Is there a fast way to generate a dict of the alphabet in Python?

Question

I want to generate a dict with the letters of the alphabet as the keys, something like

letter_count = {\'a\': 0, \'b\': 0, \'c\': 0}

what

Answer 1

Here's a compact version, using a list comprehension:

>>> import string
>>> letter_count = dict( (key, 0) for key in string.ascii_lowercase )
>>> letter_count
{'a': 0, 'c': 0, 'b': 0, 'e': 0, 'd': 0, 'g': 0, 'f': 0, 'i': 0, 'h': 0, 'k': 0,
 'j': 0, 'm': 0, 'l': 0, 'o': 0, 'n': 0, 'q': 0, 'p': 0, 's': 0, 'r': 0, 'u': 0, 
't': 0, 'w': 0, 'v': 0, 'y': 0, 'x': 0, 'z': 0}

Answer 2

You can use dictionary and range directly, so you can create your own function and easily customize it.

def gen_alphabet(start, value):
    return {chr(ord('a') + i) : 0 for i in range(value)}

print(gen_alphabet('a', 26))

OUTPUT:

>>> {'a': 0, 'c': 0, 'b': 0, 'e': 0, 'd': 0, 'g': 0, 'f': 0, 'i': 0, 'h': 0, 'k': 0, 'j': 0, 'm': 0, 'l': 0, 'o': 0, 'n': 0, 'q': 0, 'p': 0, 's': 0, 'r': 0, 'u': 0, 't': 0, 'w': 0, 'v': 0, 'y': 0, 'x': 0, 'z': 0}

Answer 3

import string
letters = string.ascii_lowercase
d = dict(zip(letters, [0]*len(letters))

Answer 4

My variant :

Note : range A-Z in unicode => 65-90 (decimal)

d = dict.fromkeys([chr(j) for j in range(65, 90)], 0)
print(d)

OUTPUT :

>>> {'A': 0, 'B': 0, 'C': 0, 'D': 0, 'E': 0, 'F': 0, 'G': 0, 'H': 0, 'I': 0, 'J': 0, 'K': 0, 'L': 0, 'M': 0, 'N': 0, 'O': 0, 'P': 0, 'Q': 0, 'R': 0, 'S': 0, 'T': 0, 'U': 0, 'V': 0, 'W': 0, 'X': 0, 'Y': 0}

Answer 5

import string
letter_count = dict(zip(string.ascii_lowercase, [0]*26))

or maybe:

import string
import itertools
letter_count = dict(zip(string.lowercase, itertools.repeat(0)))

or even:

import string
letter_count = dict.fromkeys(string.ascii_lowercase, 0)

The preferred solution might be a different one, depending on the actual values you want in the dict.

---

I'll take a guess here: do you want to count occurences of letters in a text (or something similar)?

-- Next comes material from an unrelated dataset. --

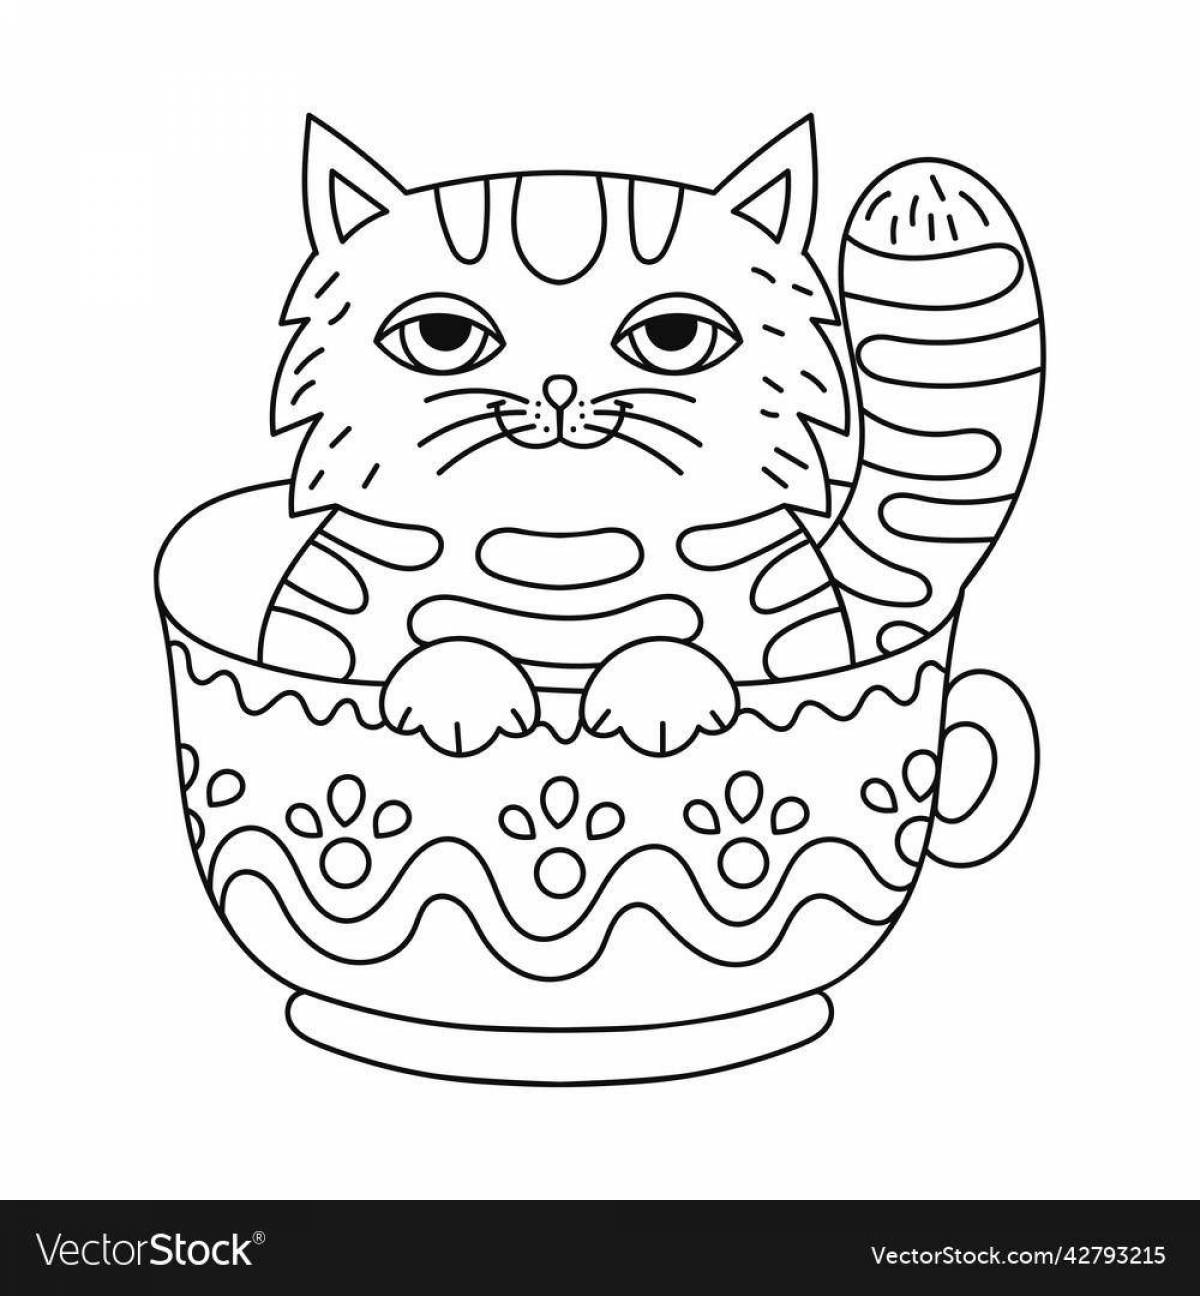 Kitten in a cup #7

There is a better way to do this than starting with an initialized dictionary.

Use Counter from the collections module:

>>> import collections
>>> the_text = 'the quick brown fox jumps over the lazy dog'
>>> letter_counts = collections.Counter(the_text)
>>> letter_counts
Counter({' ': 8, 'o': 4, 'e': 3, ... 'n': 1, 'x': 1, 'k': 1, 'b': 1})

Answer 6

I find this solution more elegant:

import string
d = dict.fromkeys(string.ascii_lowercase, 0)